Experimental and numerical analysis of naturally ventilated PV-DSF in a humid subtropical climate

Photovoltaic double-skin façades (PV-DSFs) have great potential to simultaneously achieve power generation, thermal insulation and natural lighting when applied in buildings. Among them, crystalline silicon PV-DSF is one of the common types due to its high efficiency and mature technology. However, the alternate arrangement of opaque crystalline silicon and transparent glass in crystalline silicon PV-DSF complicates its heat transfer characteristics. Furthermore, the ventilation air cavity in crystalline silicon PV-DSF could induce a vertical convective heat transfer process. It is difficult to accurately predict the complex multidimensional heat transfer process in crystalline silicon PV-DSF by simplified 1-D or 2-D thermal models. Therefore, a comprehensive numerical model of PV-DSF including the optics, electricity and 3-D heat transfer sub-models is developed in this paper to estimate the annual electrical and thermal properties of PV-DSF in a humid subtropical climate. The effects of structure, orientation, air cavity depth and solar cell coverage on the overall performance of PV-DSF are analyzed. In comparison with single-glazed semi-transparent photovoltaic, PV-DSF provides a 30.4% reduction in heat gain and a 50.3% reduction in heat loss.
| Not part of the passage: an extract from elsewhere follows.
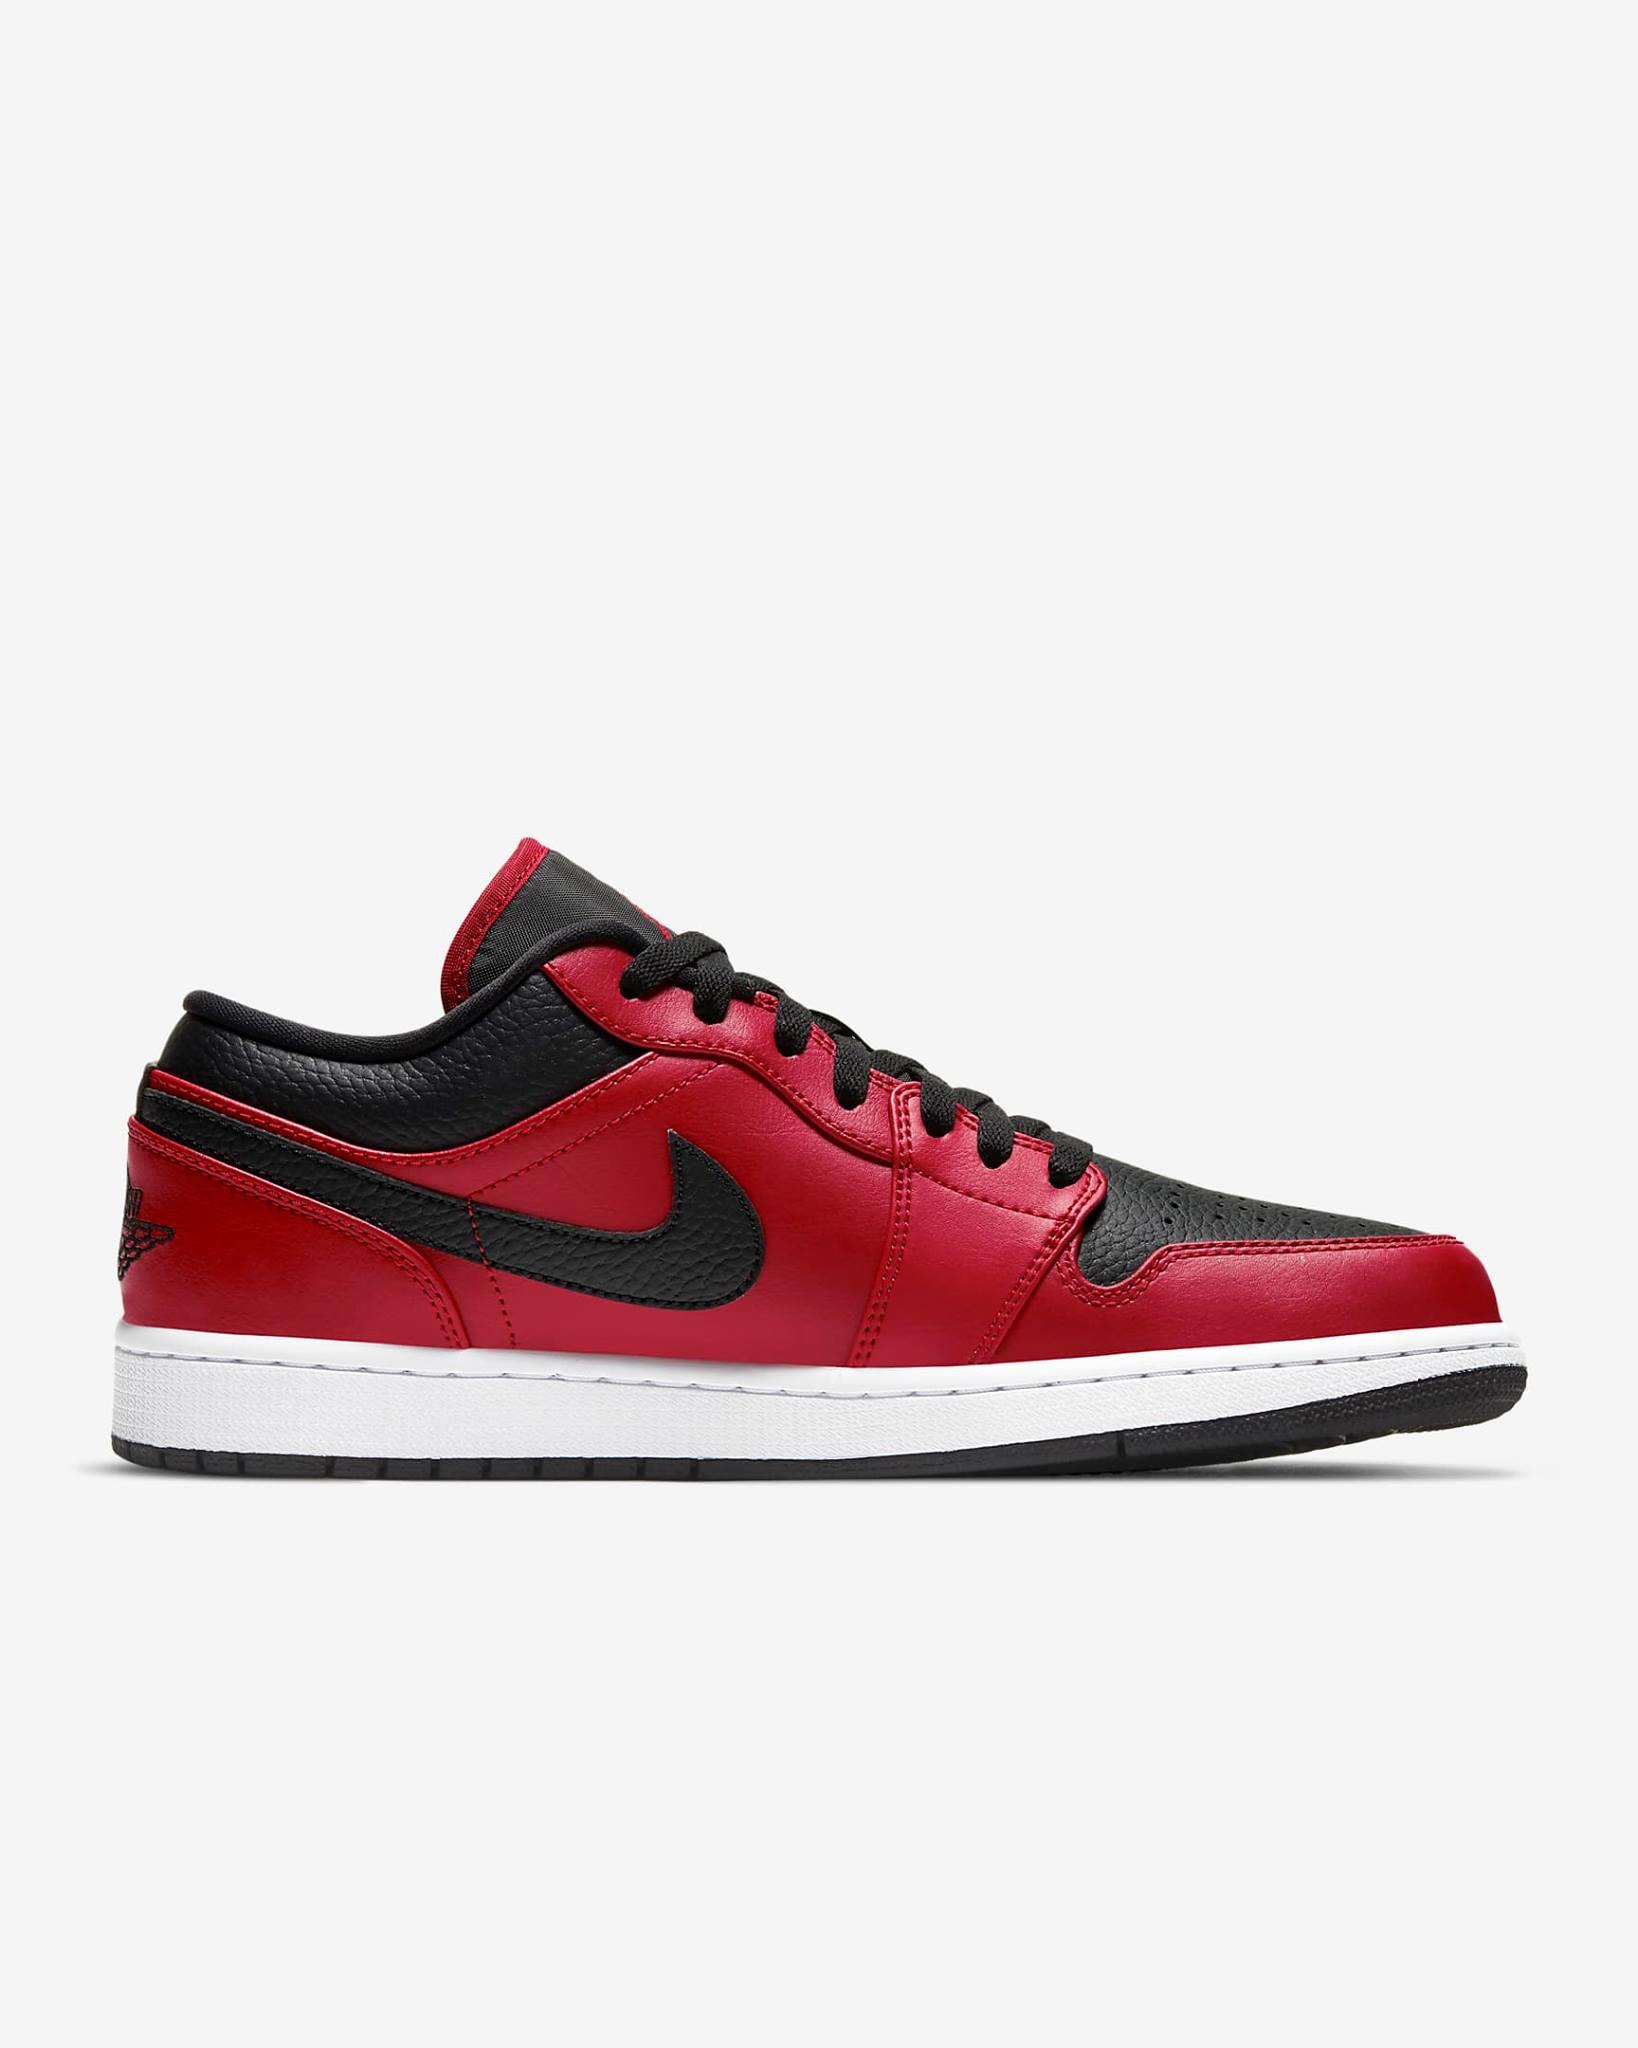 giay-sneaker-nam-nike-air-jordan-1-low-553558-605-reverse-bred-hang-chinh-hang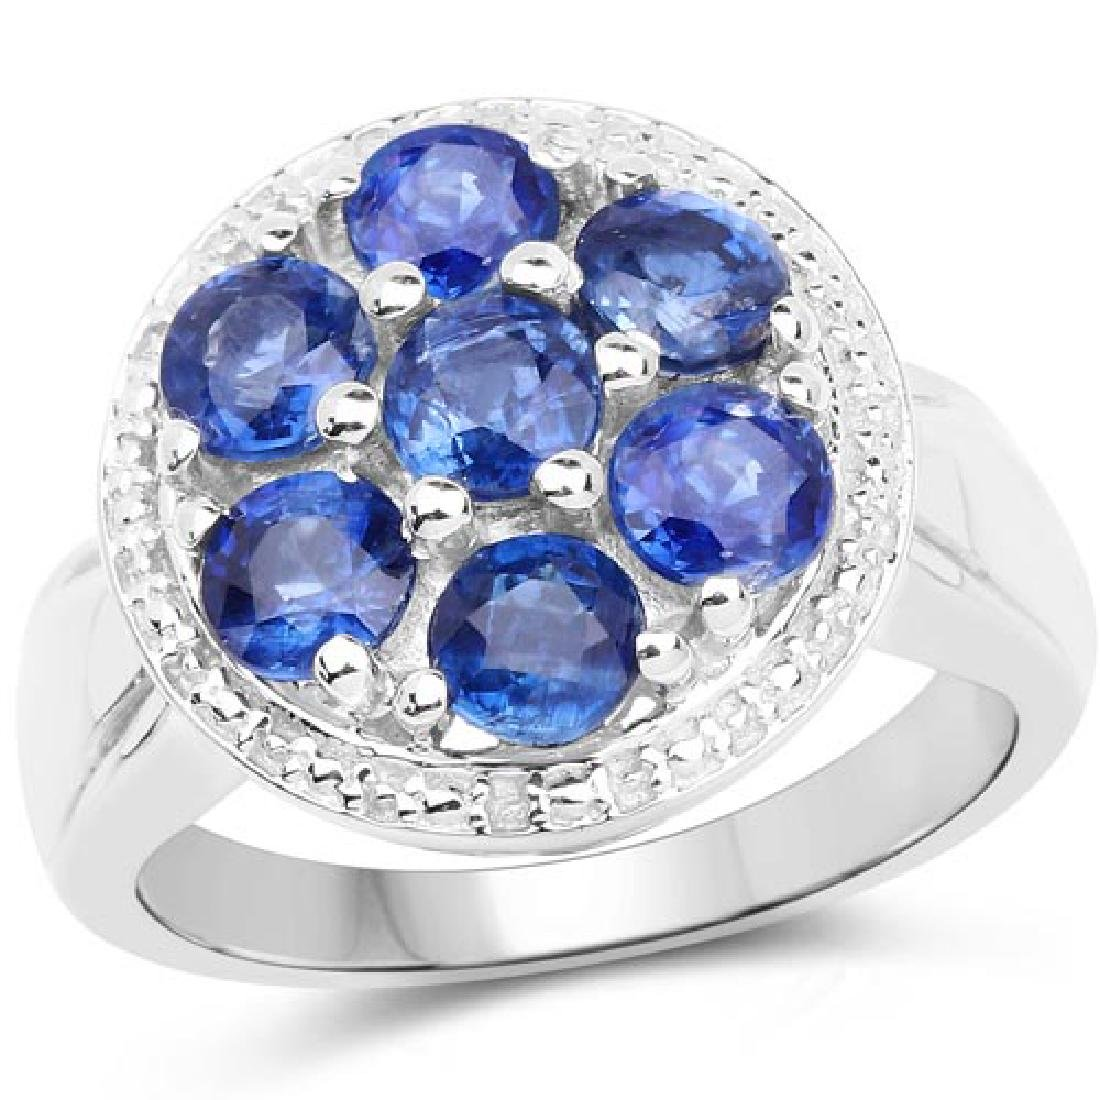 2.66 Carat Genuine Kyanite .925 Sterling Silver Ring

The preferred installation orientation is due south for PV-DSF in a humid subtropical climate. • A 3-D numerical heat transfer model of PV-DSF is established and validated. • The preferred installation orientation is due south for PV-DSF in a humid subtropical climate. • PV-DSF obviously reduces heat gain and loss compared to STPV glazing. • The difference in annual heat gain or loss of PV-DSF caused by different depths is tiny.